Jackfruit nachos are the ideal game day snack or party appetizer. They're a 100% vegan, but the BBQ jackfruit has a meaty, pulled pork taste, which makes them over-the-top yummy.
What Is Jackfruit?
Jackfruit is a fruit that's grown in Africa, Brazil and parts of Southeast Asia. It's related to breadfruit or figs, but it has the consistency of pulled chicken or pork, making it a popular vegan meat substitute. It's also brilliant at absorbing flavors, so it's a great at soaking up all the lovely BBQ sauce on these jackfruit nachos.
Not only is jackfruit a great meat substitute, it has tons of health benefits. It contain no fat, and it's high in nutrients and antioxidants. Reportedly, it's good at helping control blood sugar, and all those antioxidants have immune boosting properties.

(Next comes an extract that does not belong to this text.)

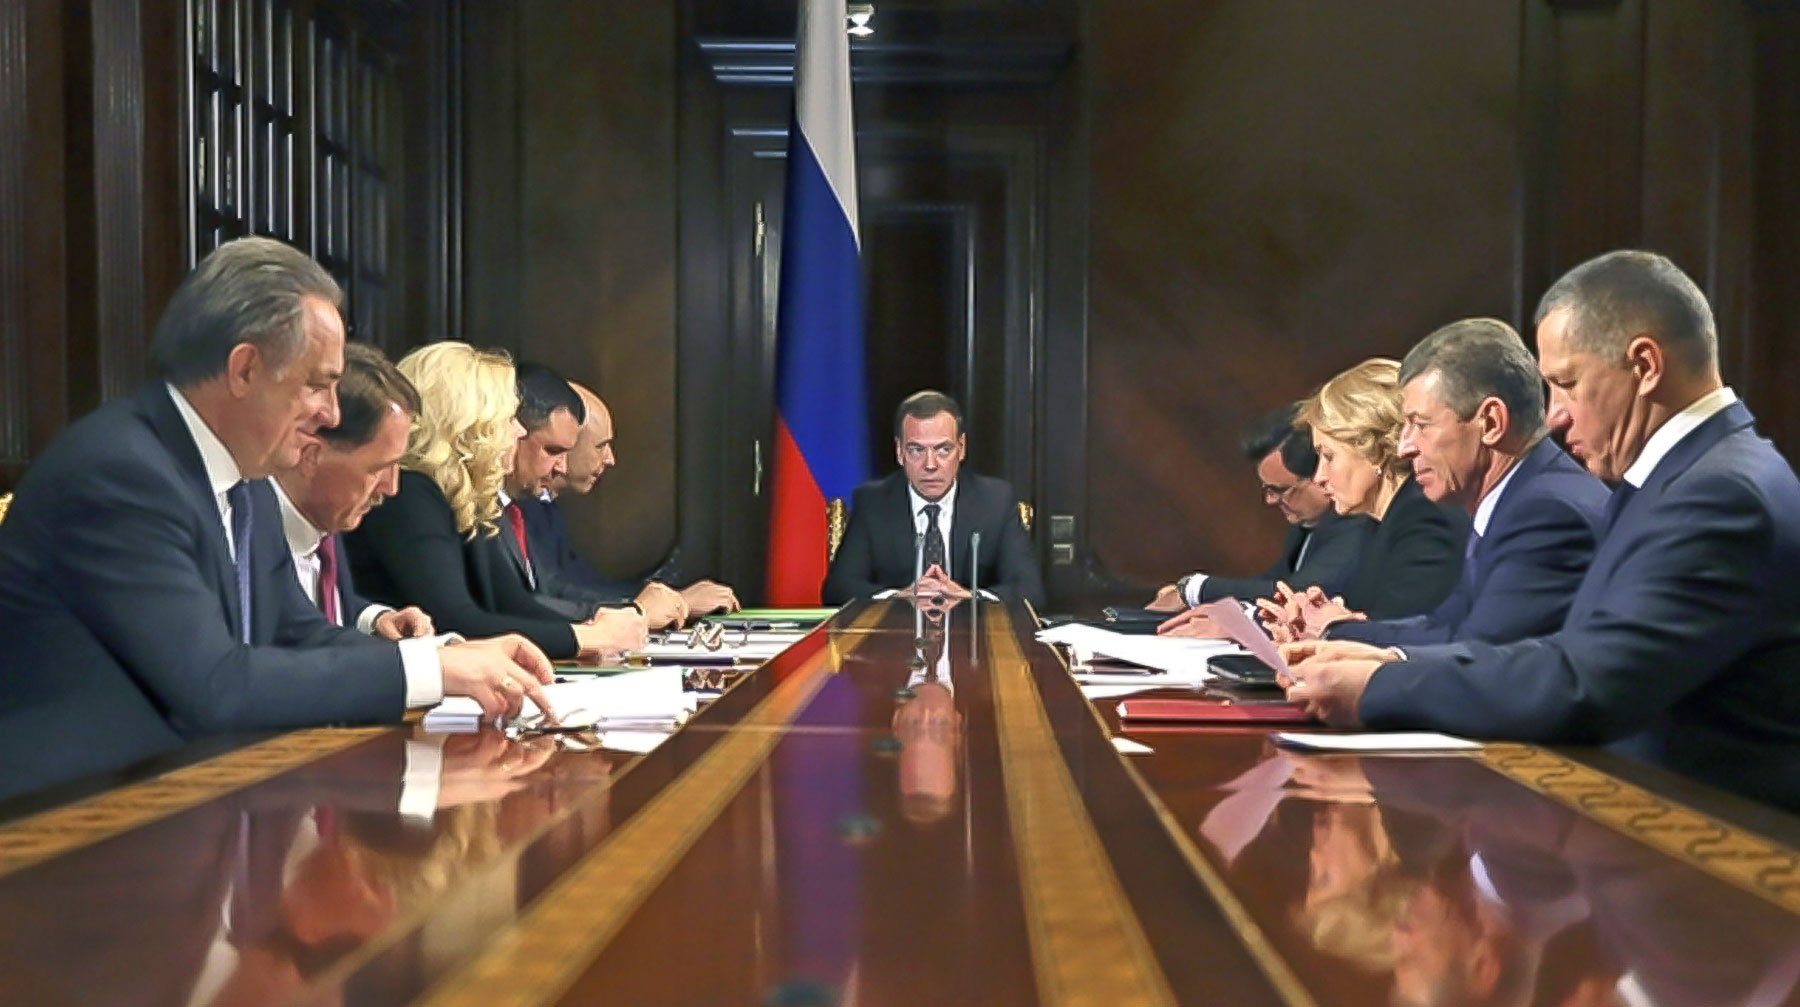 Ранее классификация происходила на добровольной основе Председатель правительства РФ Дмитрий Медведев на совещании вице-премьеров

The kind of jackfruit you want for this recipe is canned, young jackfruit. Don't buy the variety that's canned in syrup - that's for dessert recipes. Also, fresh jackfruit takes some practice to work with...it can be quite messy, so I highly recommend just getting yourself the canned variety. Simplicity is key!
Ingredients in BBQ Jackfruit Nachos
- For The BBQ Jackfruit Nachos:
- Tortilla Chips: I used plain, tortilla chips, but feel free to use any kind of chip that you like. Seeded or multi grain might be nice.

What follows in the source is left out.